All collection is analyst-initiated or analyst-configured. This architecture is distinct from autonomous continuous web collection systems: the `initiated_by` NOT NULL database constraint is the architectural boundary between the two approaches.

## Use Cases

Analyst-Driven OSINT Collection is used across defence intelligence, financial crime investigation, and national cybersecurity sectors.
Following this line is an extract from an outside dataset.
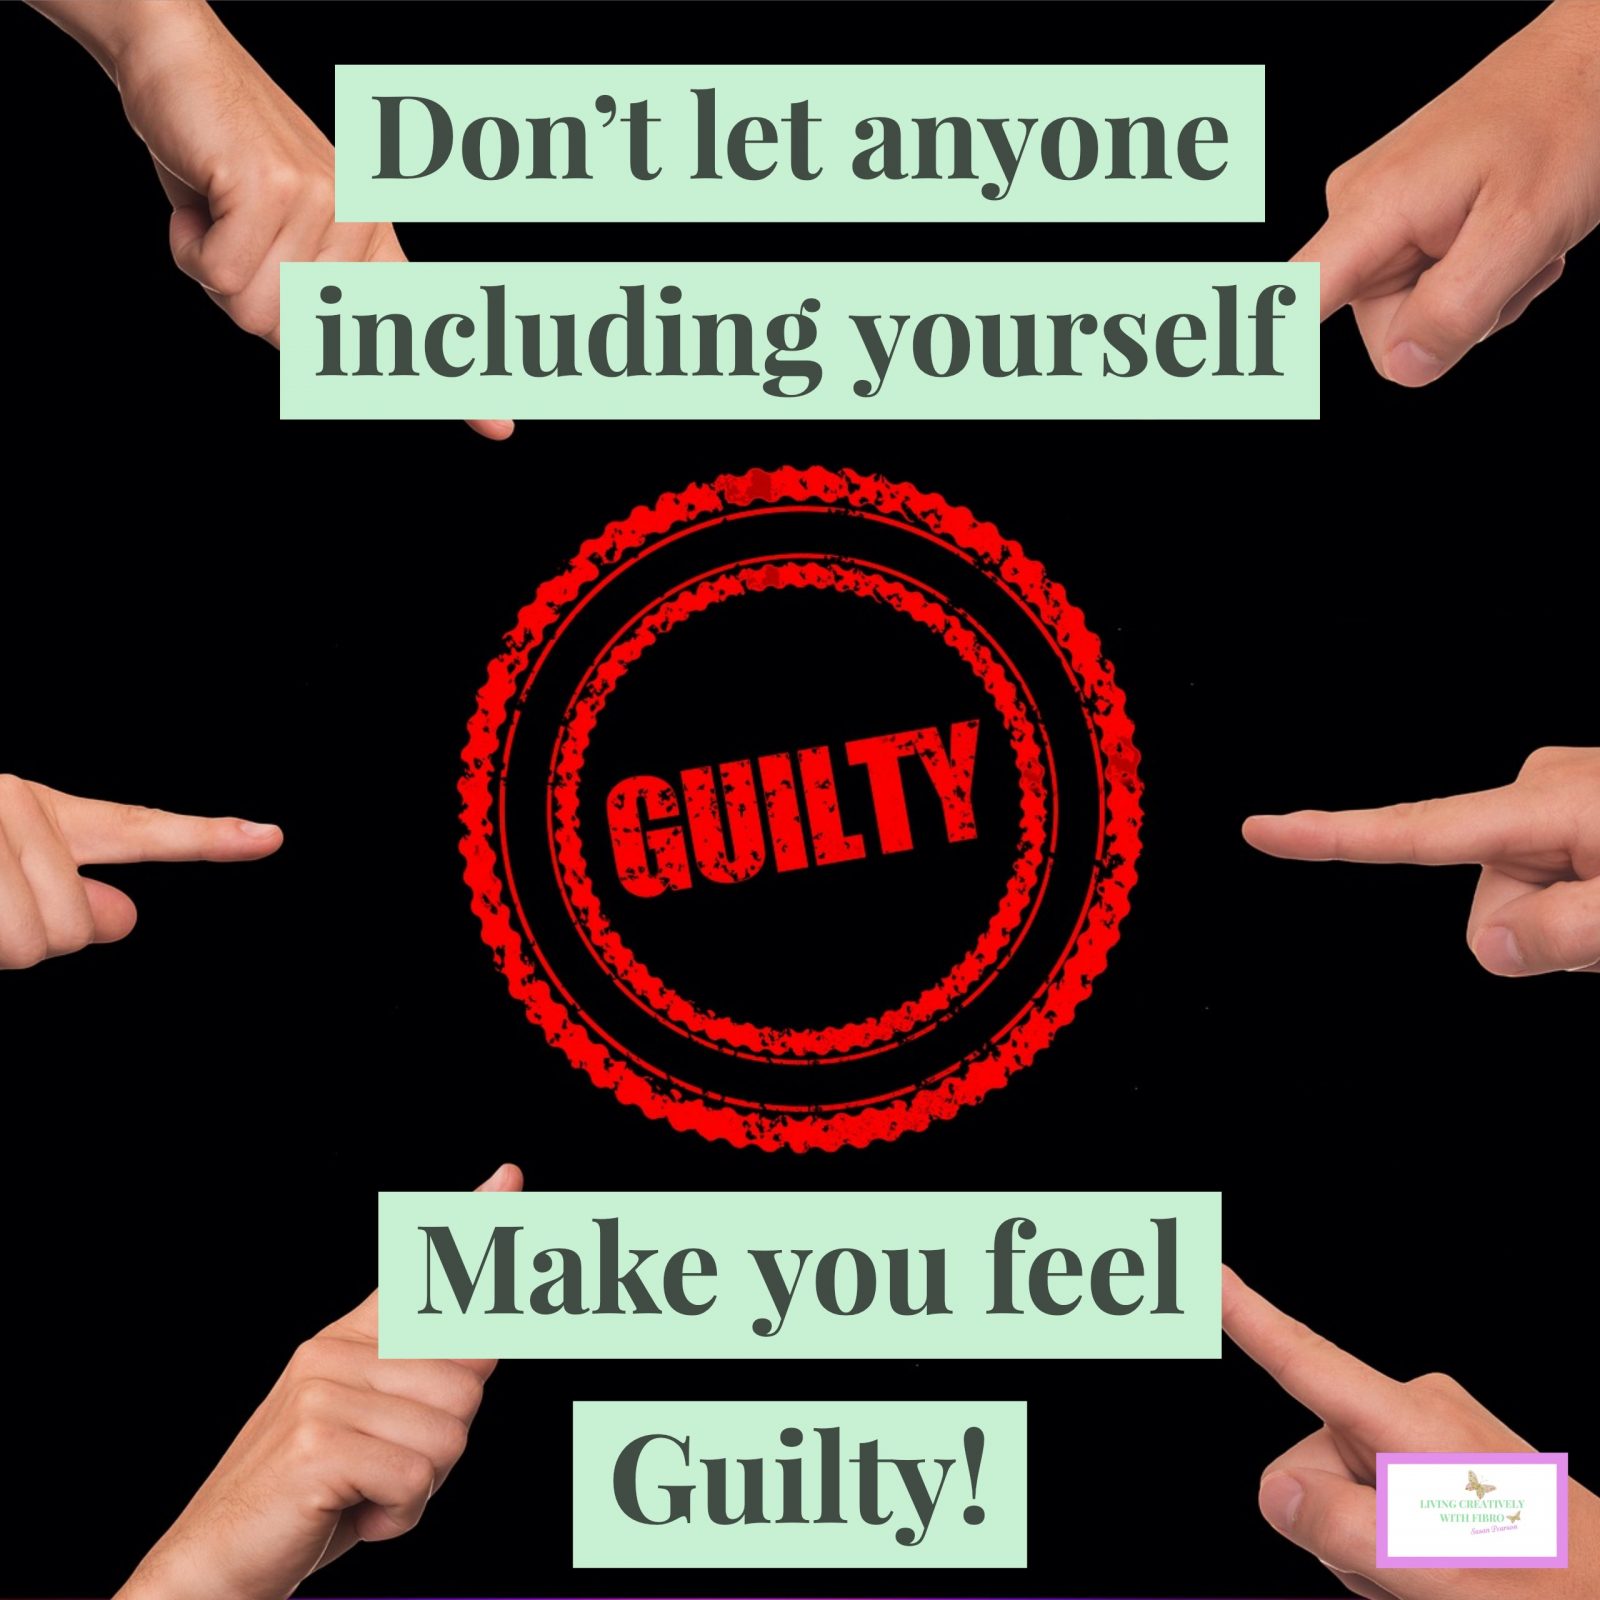 Living Creatively with Fibro | The word Guilty with six fingers pointing towards it in a circle with the words: Don't let anyone including yourself make you feel guilty

- **Targeted Investigation**: An analyst investigating a threat actor enters a target query and initiates a manual collection task across configured OSINT providers, with the justification documented in the task record.
- **Structured Feed Monitoring**: An analyst subscribes to a government CERT TAXII 2.1 feed. The platform polls the feed on the configured interval and ingests new STIX indicators automatically, with the analyst's UUID attached to every resulting collection task.
- **Dark Web Monitoring**: An analyst configures a dark web collection scope for a specific organisation or credential type, with justification recorded. Collection executes against configured dark web sources and results feed into the intelligence graph.
- **ISAC Participation**: The platform consumes TAXII 2.1 feeds from sector ISACs, normalising STIX 2.1 indicators into actionable intelligence for the organisation's threat model.

## Integration

- **Intelligence Graph**: STIX objects ingested from collection tasks are converted to graph nodes and edges in the Neo4j intelligence graph, maintaining provenance links to the source `OsintCollectionTask`.
- **Threat Intel Domain**: Collection results flow into the threat intelligence pipeline for correlation and enrichment.
- **Alerting**: New STIX indicators from TAXII feeds can trigger alerts against existing monitored entities.
- **MISP Integration**: MISP sharing events are ingested via the MISP connector, which creates `OsintCollectionTask` records with `trigger_type = TAXII_FEED_SUBSCRIPTION` where the MISP feed was analyst-configured.